Annual literary convention in India

Nikhil Bharat Banga Sahitya Sammelan (in Bangla: নিখিল ভারত বঙ্গ সাহিত্য সম্মেলন; All India Bengali Literary Conference) is an annual convention of Bengali literary personages of India, held annually. The first annual conference (then, Prabasi Banga-Sahitya Sammelan)(প্রবাসী বঙ্গ-সাহিত্য সম্মেলন) was held in Banaras at Central Hindu Boys School in 1923 and was presided over by Rabindranath Tagore. People interested in knowing about the details of it conference can get the details from a widely acclaimed book named,'সভাপতির অভিভাষণ: প্রবাসী বঙ্গ সাহিত‍্য সম্মেলন'written by Dr Amarnath Karan(lalmati Prakasani).

The first sponsors were distinguished 'Bengalis living outside Bengal' (Prabasis) like Atul Prasad Sen, Radhakamal Mukherjee, Kedar Nath Bandyopadhyay, Mahendra Chandra Roy et al.

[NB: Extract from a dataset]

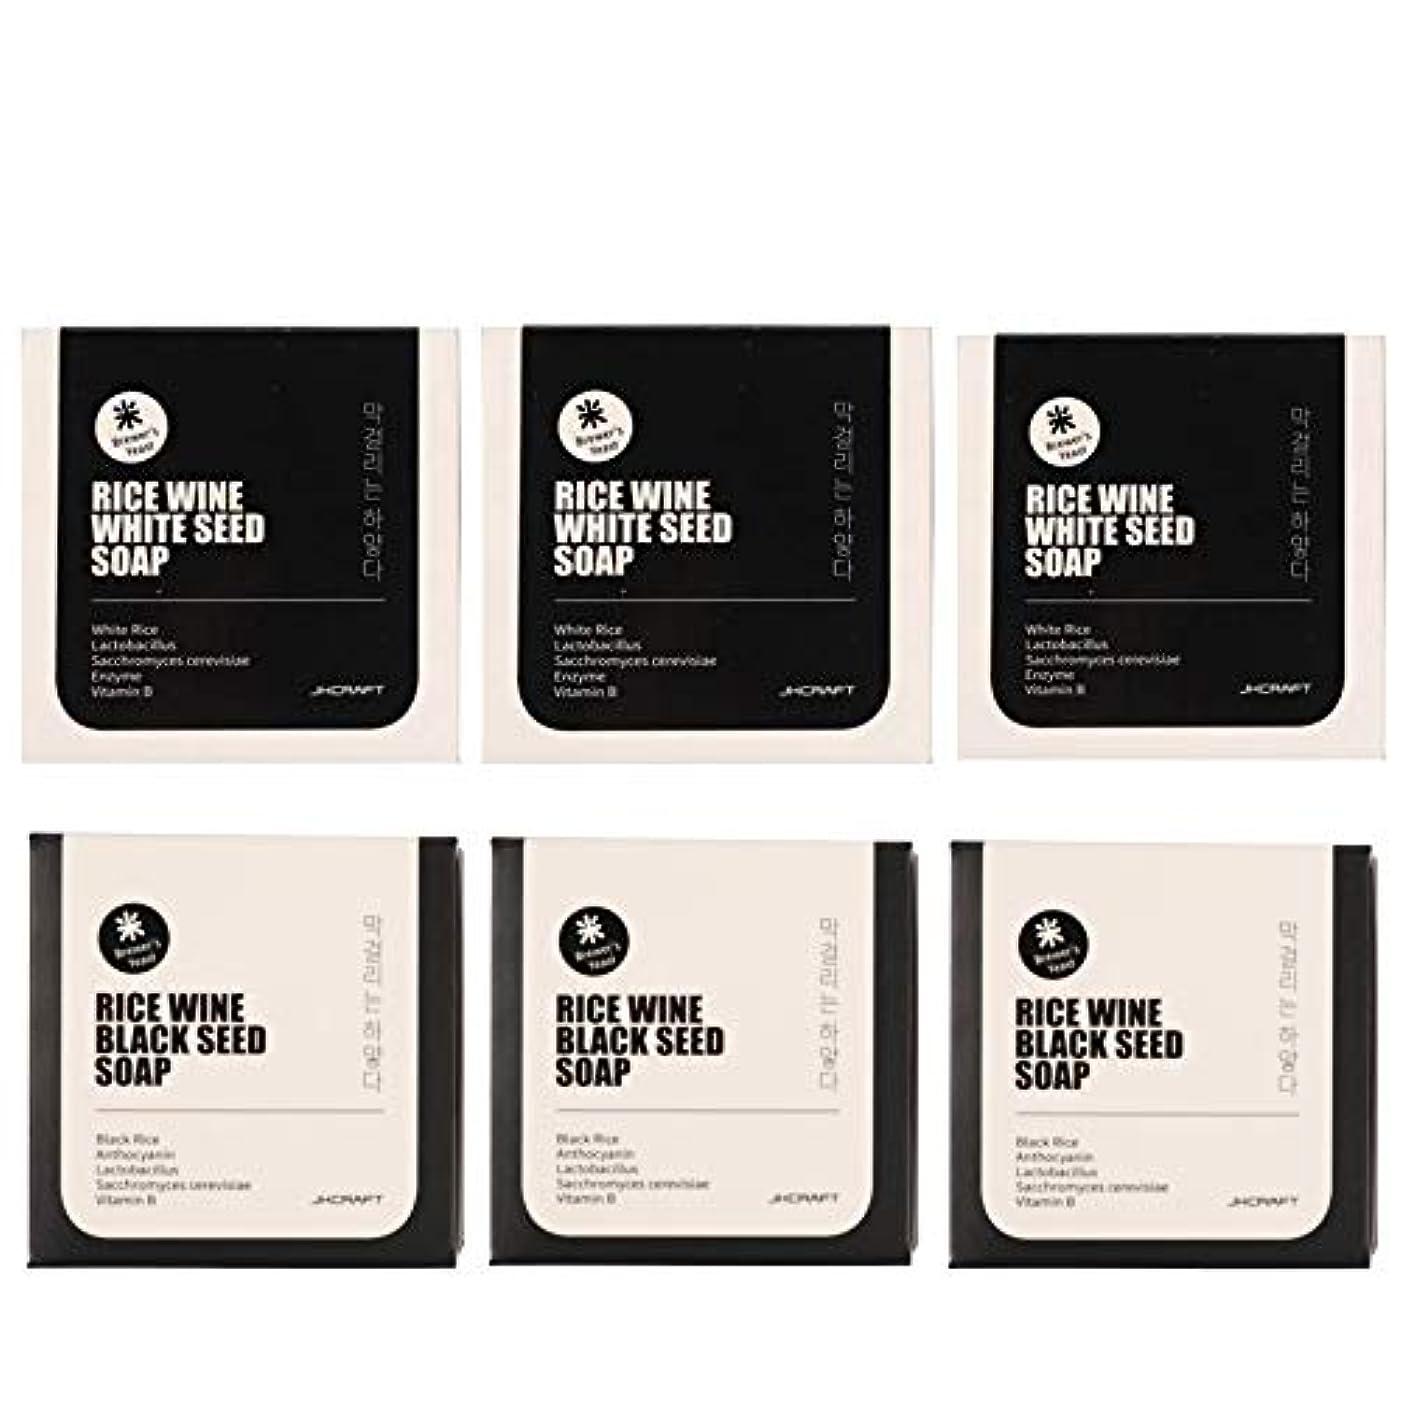 ベンチジェームズダイソンタイトルJKCRAFT RICEWINE WHITE&BLACK SEED SOAP マッコリ酵母石鹸 & 黒米マッコリ酵母石鹸無添加,無刺激,天然洗顔石鹸 6pcs [並行輸入品]

Since 1922 till 1980 the conference has travelled far and wide within India, from major cities like Delhi, Calcutta, Bombay, Madras, Lucknow, Hyderabad to far flung Srinagar and Guwahati.

The 12th convention was held at Kolkata in Dec 1934. Post Independence, in 1953 the coinage 'Prabasi' was dropped and 'Nikhil Bharat' (All India) was adopted in the context of the free nation.

==Objectives of the conference==
Delegates from all over the country meet to hold thematic discussions, meet Bengali authors, novelists, and poets, attend literary sessions, exchange thoughts with people of other languages, and enjoy cultural evenings.

==Current scope==
Under the patronization of great Bengali literary personalities like Atul Prasad Sen, Kazi Nazrul Islam and others, the Sammelan has reached maturity, having branches every major city and town of India. Its activity of serving Bengali literature and Bengali culture outside Bengal has spread over almost all the states of India. The central office of the organization is located at Kali Bari, Mandir Marg, New Delhi-110001.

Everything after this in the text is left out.